The default terminal window may not be wide enough to show each line without automatically wrapping to the next line. To solve this, the terminal window should be set to size automatically to the window size.

On the teraterm window, Click Setup -> Terminal and then click the box Term size = win size.




Click OK.


You can now drag the corner of the terminal window to make it any size desired. If the window size is changed, all of the current text is erased. Simply hit Return to get a command prompt and continue. Any Ne10-test run will need to be executed again so make sure the window size is larger enough to capture full lines.


Expected Results

The performance test runs each of the listed filters a large number of times, first on the ARM processor alone and then the same number of times with the NEON SIMD engine enabled.

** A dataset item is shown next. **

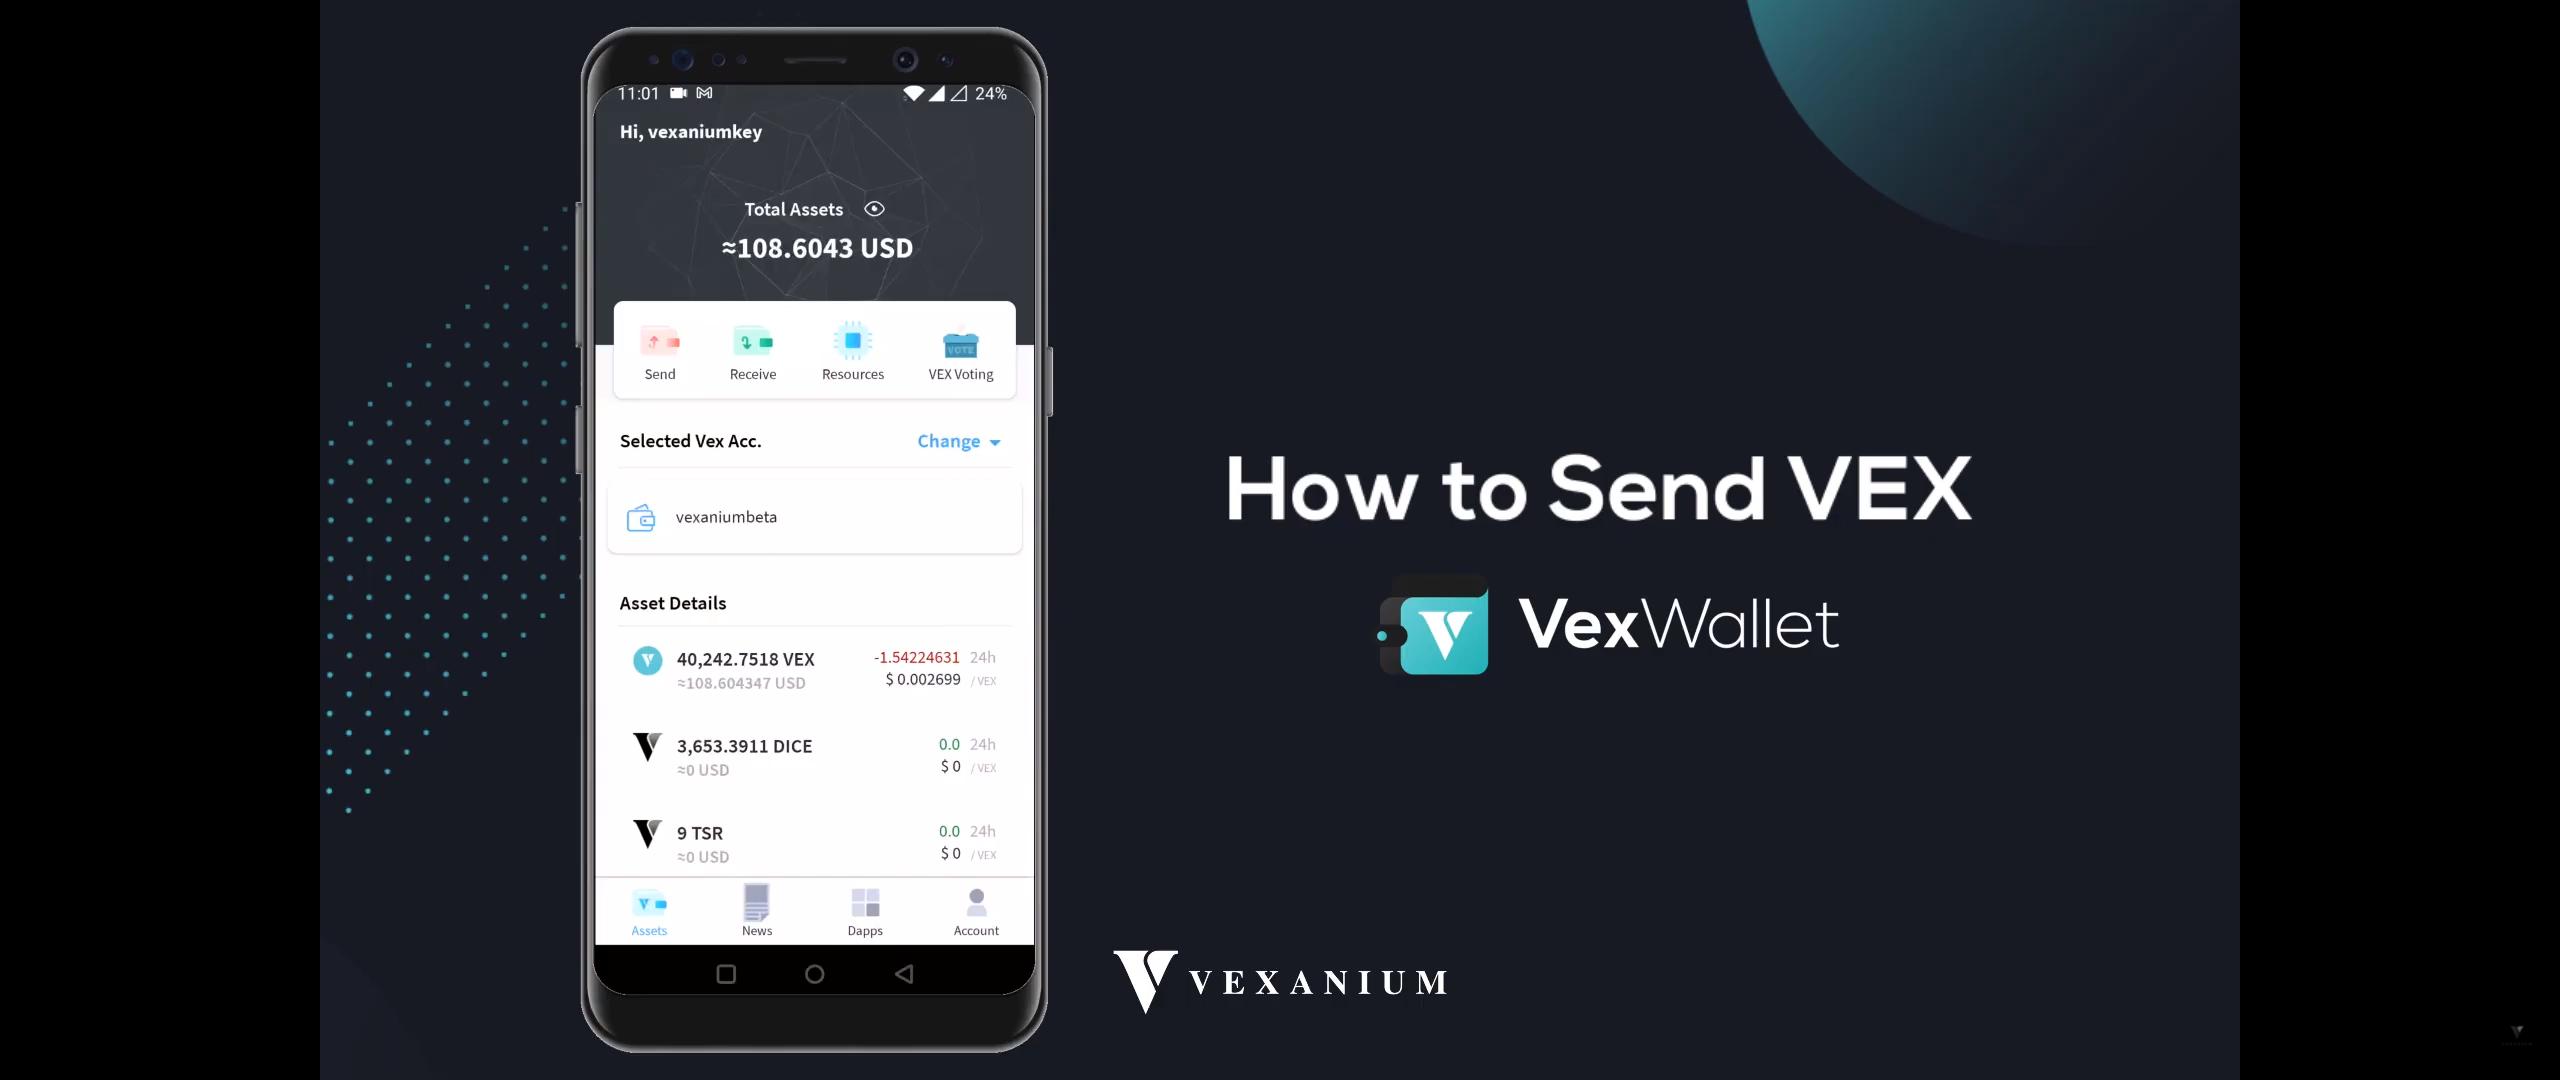 Cara Mengirim VEX dengan Vex Wallet

For each of these runs, the time to execute the actual calculations (any system overhead is subtracted out before showing the results) is shown in the "C Time" and "NEON Time" column respectively. The Time Savings and Performance Ratio are calculated from these measured times.

With an average performance improvement of approximately 1.7, this clearly indicates that using the NEON in compute intensive applications is well worth the effort to optimize for it. Having the NEON SIMD engine included in the Zynq-7000 AP SOC enables the development of high performance SOC systems.

Saving the workspace


For ease of completing subsequent Tech Tips that use this completed build, it is wise to save the workspace so it can be restored later as a known starting point. Because only the /sw portion of the base TRD was modified, only that portion needs to be saved. If you choose to do this,

Select File -> Export or right click in the Project Explorer pane white space and select Export.

In the Export dialogue box, expand General and select Archive file.



Click Next

The Export Archive dialogue will appear.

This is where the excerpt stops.